Developing Custom Boefjes for OpenKAT: A Developer Guide

1 april 2026 Praktische Tips & Best Practices No Comments

One of OpenKAT’s greatest strengths is its modular architecture. Boefjes, the scanning plugins that collect data, can be extended with custom implementations for your specific needs. Being actively involved in OpenKAT development and maintenance, we build boefjes both for the community and for our clients. Here’s how the system works and how you can build your own.

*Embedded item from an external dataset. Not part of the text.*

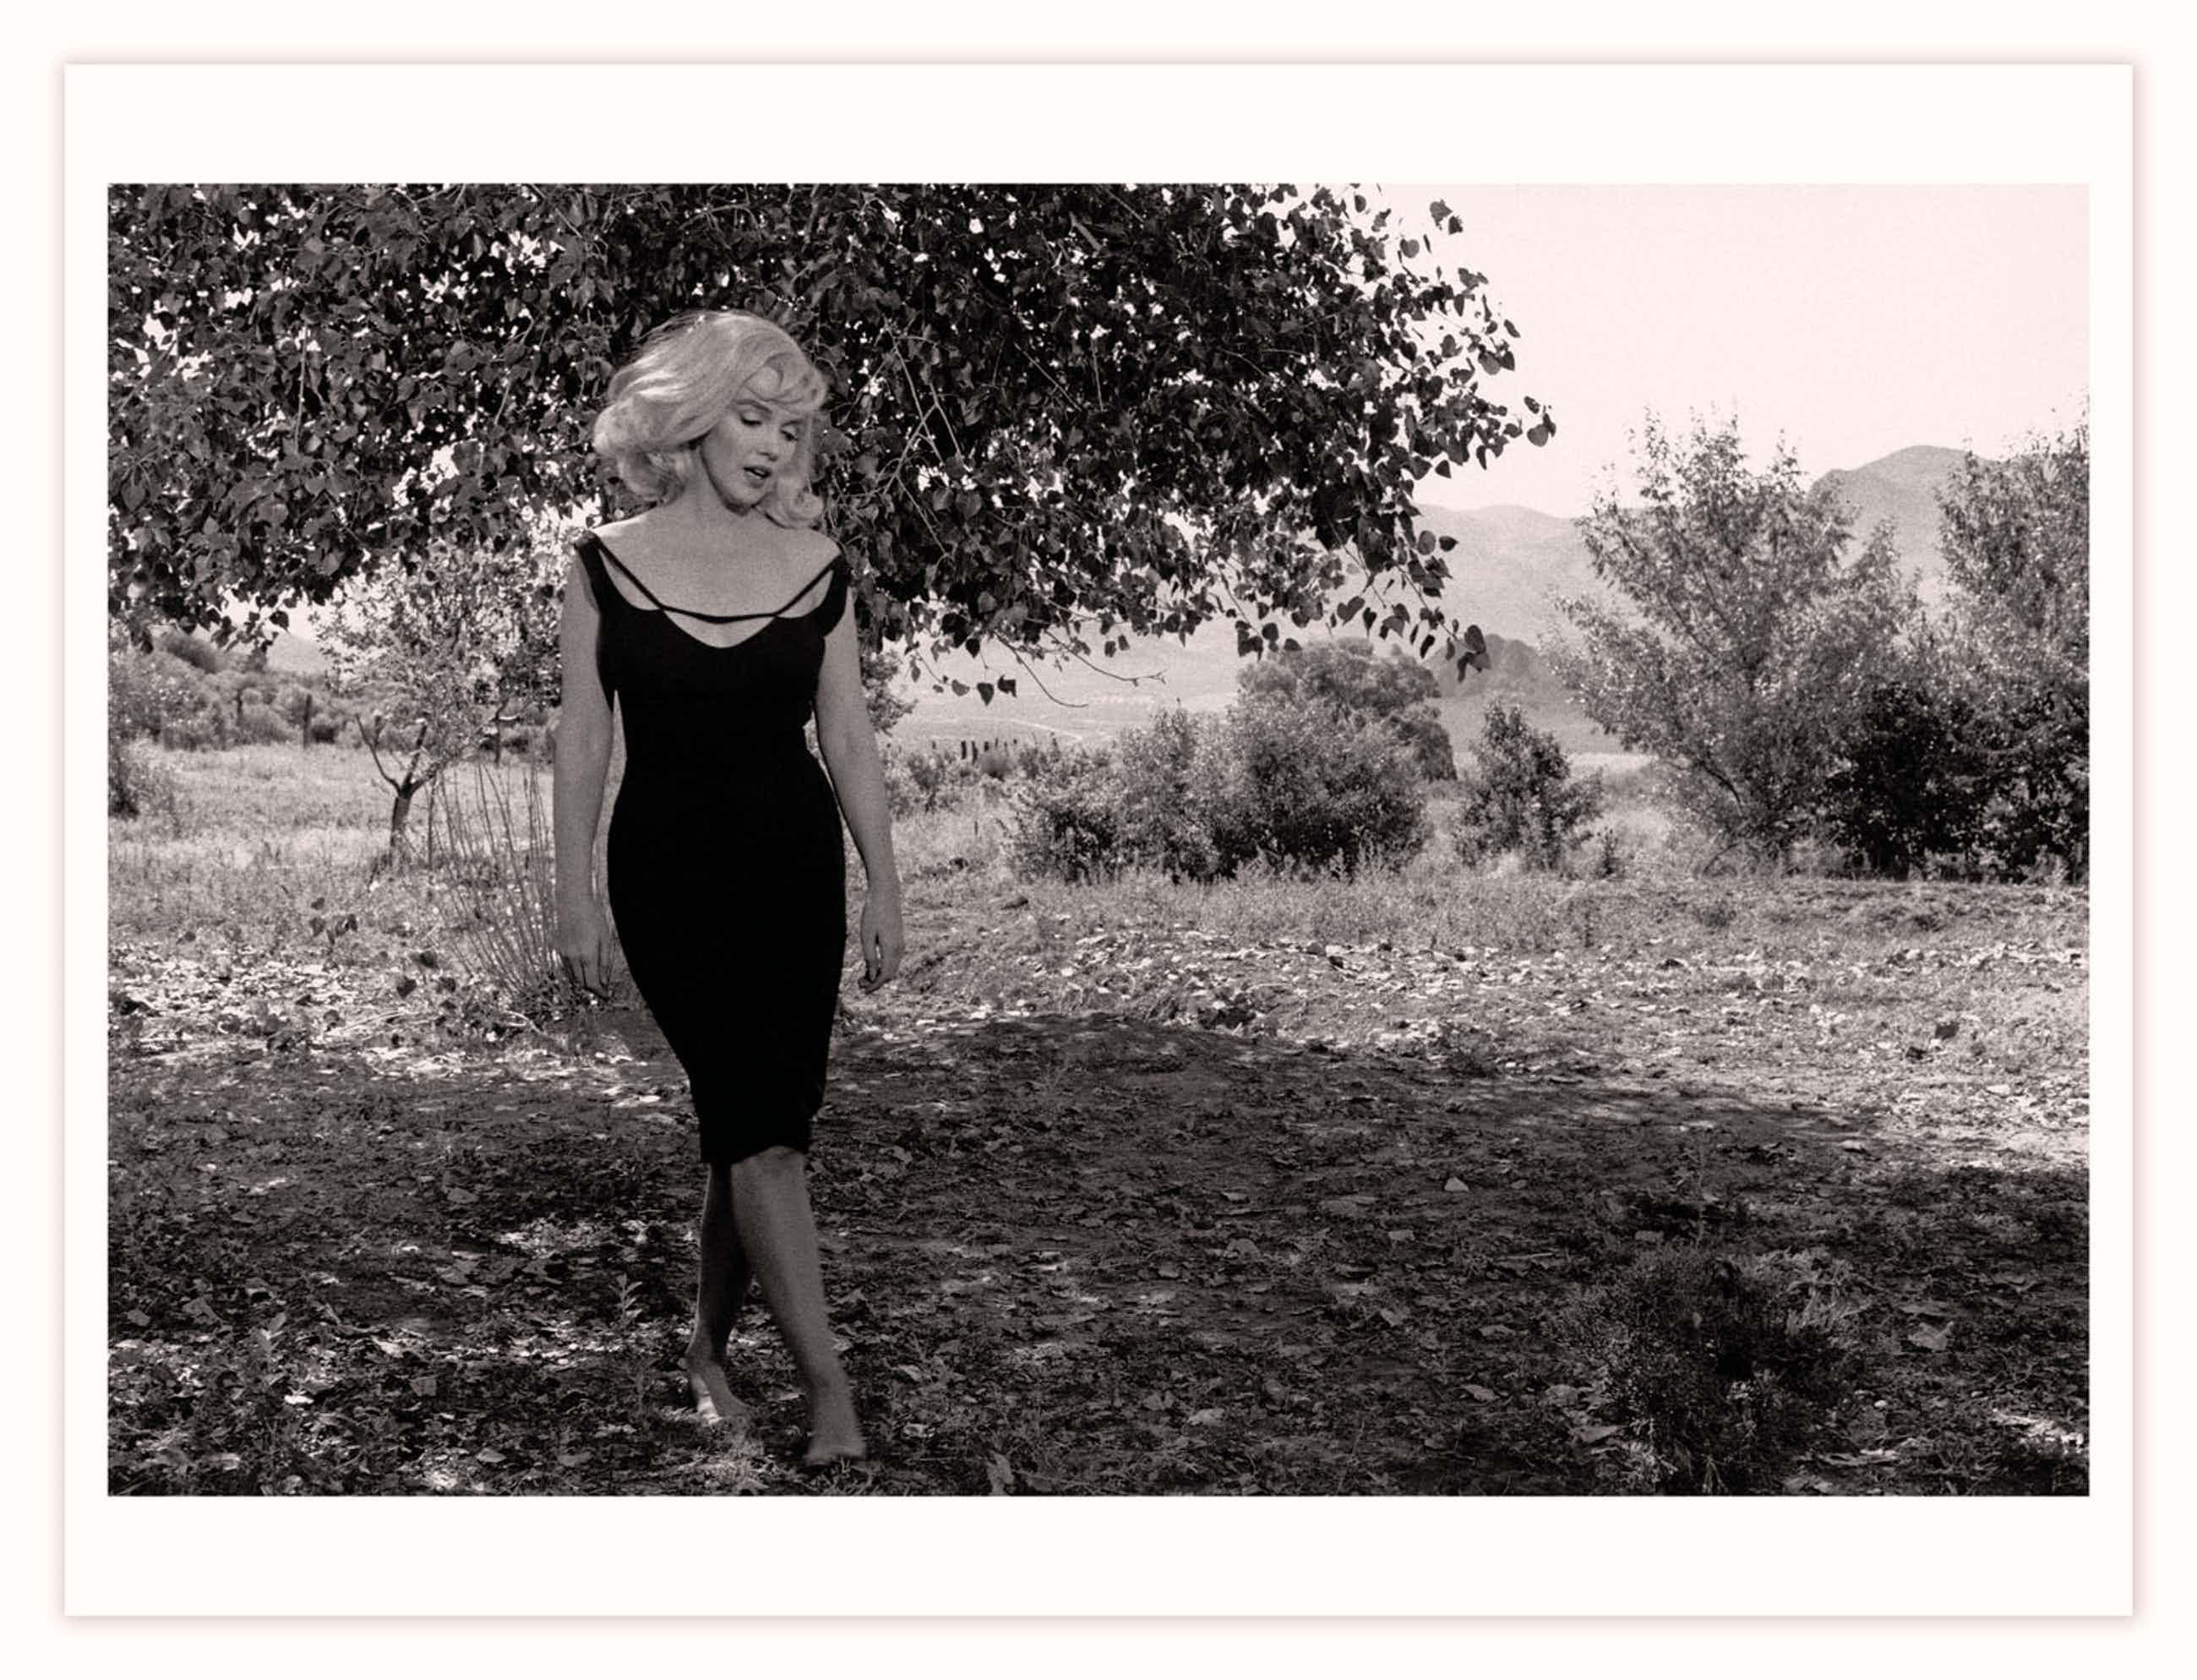 Inge Morath - Marilyn Monroe - 1960 - Magnum Limited Edition - 200 ex. - Groot kopen? Bied vanaf 400!

Understanding the Boefje Architecture

OpenKAT’s scanning pipeline consists of three components that work together:

Boefjes, Collect raw data by calling external tools, APIs or running custom scripts
Whiskers (Normalizers), Parse the raw output and convert it into structured objects in the Octopoes data model
Bits (Business Rules), Analyze the structured objects and generate findings based on security policies

When you build a “custom boefje”, you typically create both a boefje (data collection) and a whisker (normalization). The bits layer usually uses existing rules unless you have custom compliance requirements.

Anatomy of a Boefje

Every boefje lives in the boefjes/boefjes/plugins/ directory and consists of:

kat_my_custom_scanner/
├── __init__.py
├── boefje.json        # Metadata: name, description, input/output types
├── main.py            # The actual scanning logic
├── normalizer.py      # Whisker: parses raw output into OOIs
└── requirements.txt   # Python dependencies (if any)

boefje.json, The manifest

This file tells the katalogus what your boefje does, what input it expects and what output it produces:

{
  "id": "kat_my_custom_scanner",
  "name": "My Custom Scanner",
  "description": "Checks for specific configuration issues",
  "consumes": ["Hostname"],
  "produces": ["boefje/kat_my_custom_scanner"],
  "scan_level": 1,
  "enabled": true
}

Key fields:

consumes, The OOI (Object of Interest) types this boefje needs as input. Common types: Hostname, IPAddressV4, URL, Network
produces, The MIME types of the raw output. The normalizer will look for these.
scan_level, Minimum clearance level needed (0–4). Use 0–1 for passive checks, 2+ for active scanning.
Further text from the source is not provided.